Scrivo questo post usando la prima persona singolare perché in delegazione dal sindaco, in rappresentanza del Partito, c’ero io ed è giusto che mi assuma la responsabilità di quello che ho detto.

Qualche giorno fa avevo scritto anticipando le mie intenzioni in merito a un eventuale possibile accordo con il PD in chiave elettorale e ieri ho ribadito le posizioni espresse.

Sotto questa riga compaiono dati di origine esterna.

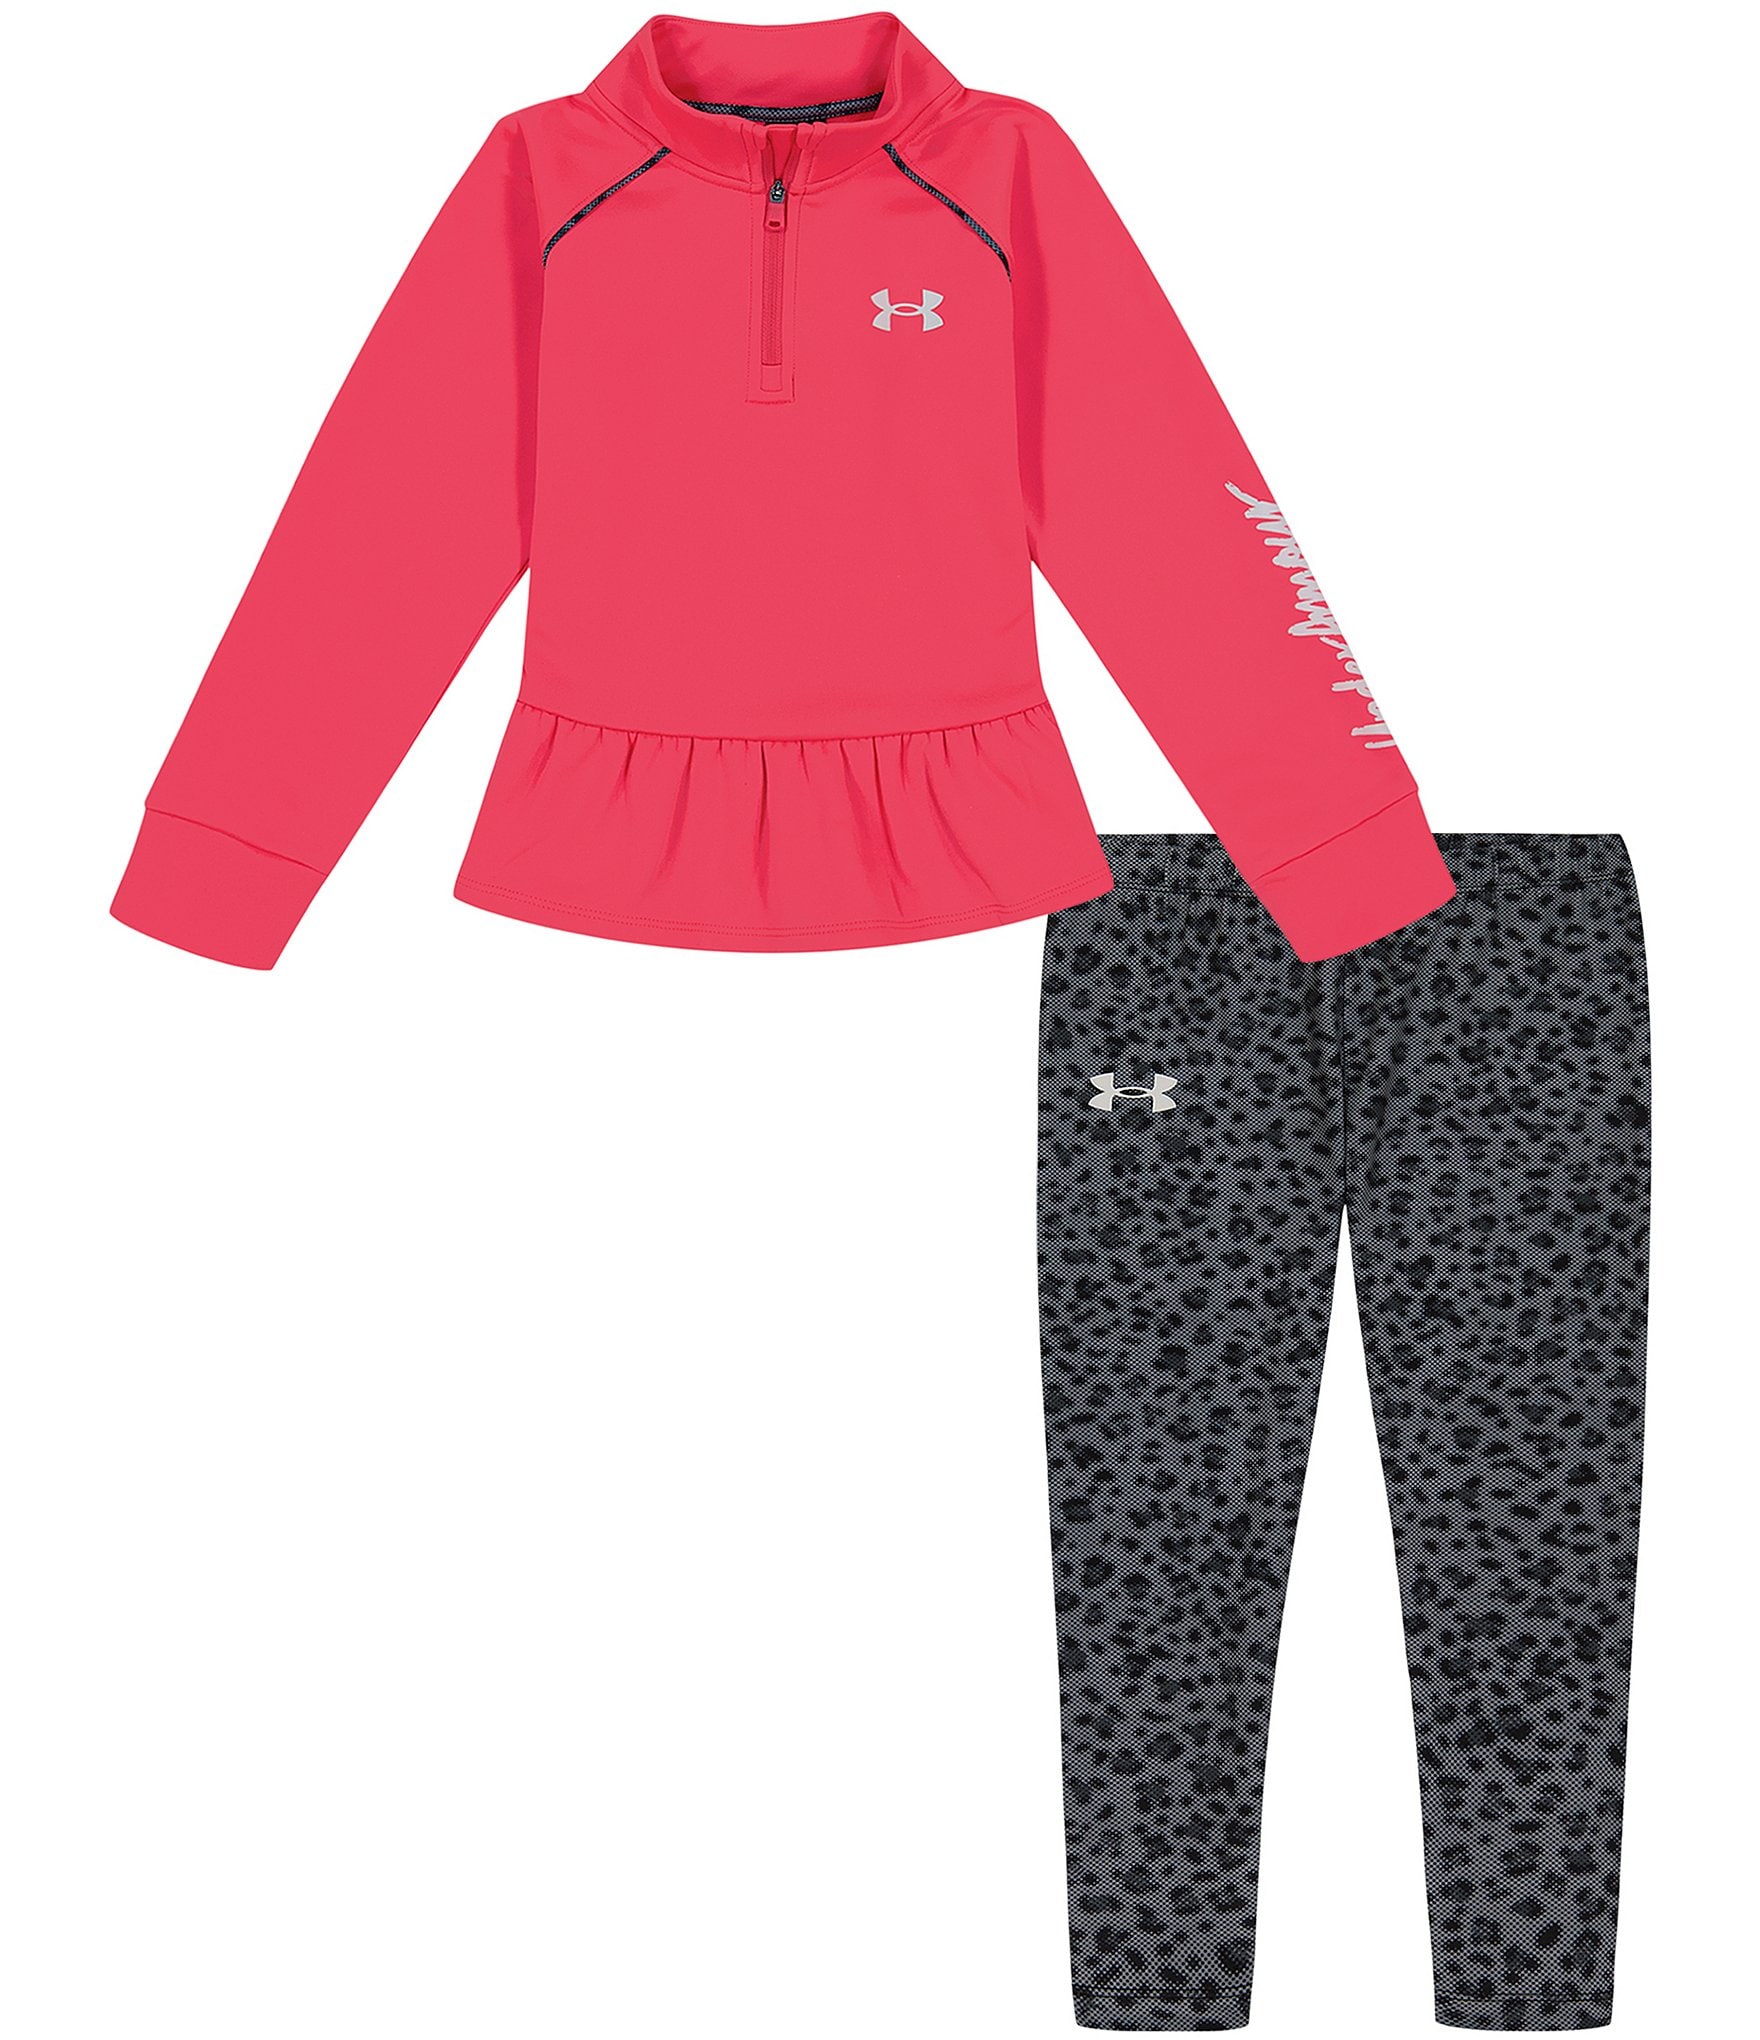 Under Armour Little Girls Leopard Print Hoodie and Leggings Set

Marco Doria ha illustrato quella che secondo lui è una necessità per Genova: costruire una coalizione che abbia un peso sufficiente a impedire la vittoria del Movimento 5 Stelle o della destra. Una visione legittima e, se il problema si fosse posto qualche anno fa, condivisibile. Ma i tempi secondo me sono cambiati e dobbiamo lavorare su una prospettiva di lungo periodo, pena la scomparsa dei nostri ideali, con i quali troppe volte siamo scesi a compromessi per salvare compagini di governo o amministrazioni che esprimevano politiche contrarie agli interessi della classe sociale a cui facciamo riferimento.

Ho dichiarato l’indisponibilità del PCI a entrare in una coalizione con il PD perché trovo incompatibile, per chi vicino al proprio nome presenta l’aggettivo “comunista” trovare qualsiasi forma di accordo con chi:

  • con il Jobs Act, l’abolizione dell’articolo 18, i voucher ecc. ha massacrato i diritti dei lavoratori e le speranze dei nostri giovani;
  • con la Buona Scuola ha provato ad aziendalizzare il settore dell’istruzione pubblica, pur continuando ad aumentare i contributi alla scuola privata;
  • sta cercando in ogni modo di affossare una sanità che era il fiore all’occhiello del nostro Paese, pubblica, gratuita e di qualità allo stesso tempo;
  • si ripromette di privatizzare tutto il possibile nell’ambito dei servizi pubblici locali strategici;
  • fa finta che i referendum non siano altro che sondaggi di opinione dei quali è possibile non tenere conto alcuno.

In sintesi, con chi attua politiche neoliberiste spinte, magari applicando il dettato dei documenti della JP Morgan Chase invece che la Costituzione Italiana (dimenticavo… questa è troppo socialista!).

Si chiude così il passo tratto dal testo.